The Company estimates that accounts receivable, due from related parties, and notes receivable are fully collectible based on historical events, current conditions, and reasonable and supportable forecasts. The estimate for the Enhanced PC Advisory Agreements require more judgment than other receivables due to the size of the outstanding receivable and the Company's reliance on reasonable and supportable forecasts on this particular receivable bucket.
Revenue Recognition of Management Fees and Advisory Fees
The Company earns management fees for asset management services provided to the Funds where the Company has discretion over investment decisions. The Company primarily earns fees for advisory services provided to clients where the Company does not have discretion over investment decisions. Management and advisory fees received in advance reflects the amount of fees that have been received prior to the period the fees are earned. These fees are recorded as deferred revenues on the Consolidated Balance Sheets due to the performance obligations not being satisfied at the time of collection.
For asset management and advisory services, the Company typically satisfies its performance obligations over time as the services are provided as a distinct series of daily performance obligations that the customer simultaneously benefits from as they are performed. Asset management fees are based on the contractual terms of each contract, which differ, such as fees calculated based on committed capital or deployed capital, fees initially calculated based on committed capital during the investment period and on net invested capital through the remainder of the fund’s term, fees that step down during specified periods of the fund's term, or in limited instances, fees based on assets under management. At contract inception, no revenue is estimated as the fees are dependent variable amounts which are susceptible to factors outside of our control. Fees are recognized for services provided during the period, which are distinct from services provided in other periods. In certain asset management and advisory agreements progress is measured using the practical expedient under the output method resulting in the recognition of revenue in the amount for which the Company has the right to invoice.
Advisory service fees are determined using fixed-rate fees and are recognized over time as the related services are delivered. Other advisory services include transaction and management fees associated with managing the origination and ongoing compliance of certain investments.
53
The Company allocates a portion of consideration received under an arrangement to a financing component when it determines that a significant financing component exists. The Company does not adjust the promised amount of consideration for the effects of a significant financing component if, at each contract inception the Company expects that the period between services being provided and cash collection would be less than one year. To the extent the Company determines that there is a significant financing component in a contract with a customer, it determines the impact of the time value of money in adjusting the transaction price to account for the income associated with the financing component by estimating the discount rate that would be reflected in a separate financing transaction between the customer and the Company at contract inception, based upon the credit characteristics of the customer receiving financing in the contract.

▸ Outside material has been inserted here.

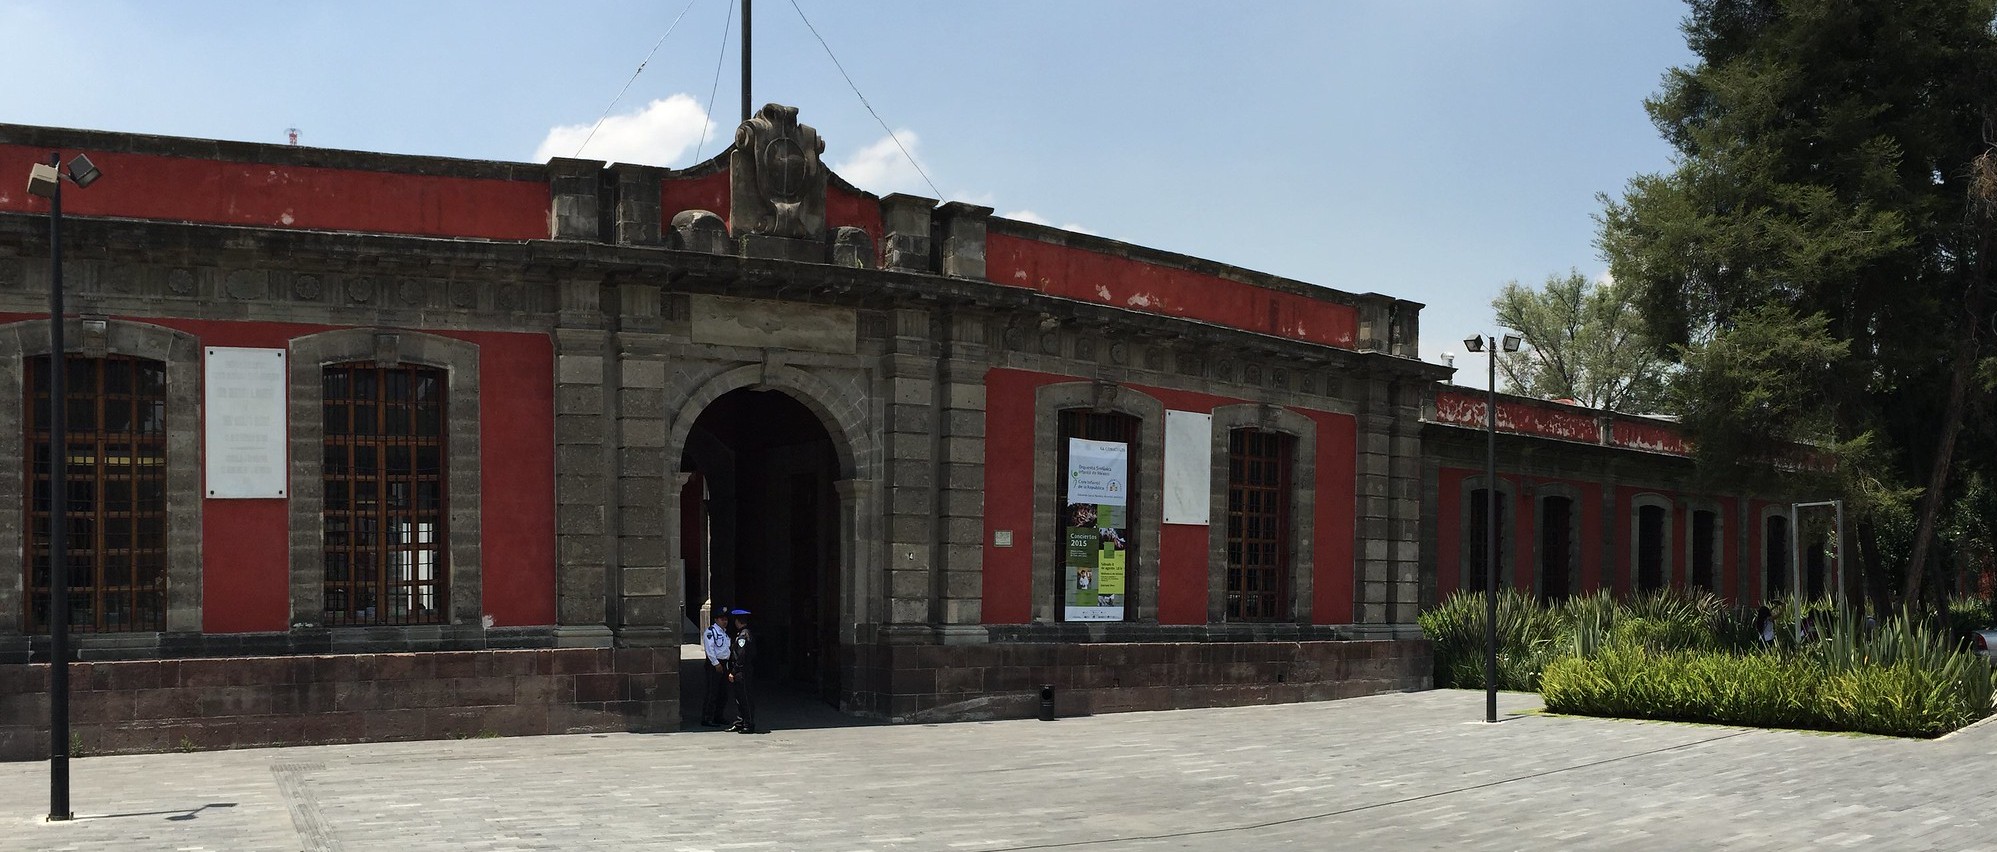 La Ciudadela - Library of Mexico

The Company is applying the optional disclosure exemption for variable consideration for unsatisfied performance obligations, as the variable consideration relates to these unsatisfied performance obligations being fulfilled as a series. The performance obligations related to these contracts are expected to be satisfied over the next 1-10 years as services are provided to the customer.
Catch-up fees are earned from investors that make commitments to the previously launched fund after the first fund closing occurs, but during the fundraising period. Contractual terms require the investors to pay a catch-up fee as if they had committed to the fund at the first closing. Catch-up fees are recorded as revenue when such commitments are made as variable consideration in which the constraint is relieved at the time of the commitment.
Stock-Based Compensation Expense
Stock-based compensation relates to grants for shares of P10 awarded to our employees through stock options as well as RSUs awarded to employees and RSAs issued to non-employee directors as compensation for service on the Company's board. Stock compensation expense for awards that cliff-vest after either a service period or both a service period and performance condition is recorded ratably over the vesting period at the fair market value on the grant date. For awards with graded vesting, and vesting only requires a service condition, the Company elected, in accordance with ASC 718, to treat these awards as single awards for recognition purposes and recognize compensation on a straight-line basis over the requisite service period of the entire award. For awards with graded vesting and require a market condition to vest, the Company treats each expected vesting tranche as an individual award and recognizes expense ratably over the vesting period at the fair market value of the grant date. Certain acquisition related RSUs vest after meeting certain performance metrics. For these, the Company uses the tranche method and recognizes expense for each tranche of RSUs deemed probable of vesting on a straight-line basis over the expected vesting period. The Company evaluates the probability of vesting at each reporting period. Unvested RSUs are remeasured quarterly against performance metrics as a liability or equity, in accordance with GAAP, on the Consolidated Balance Sheets. Refer to Note 16 to the Consolidated Financial Statements for further discussion. Forfeitures are recognized as they occur.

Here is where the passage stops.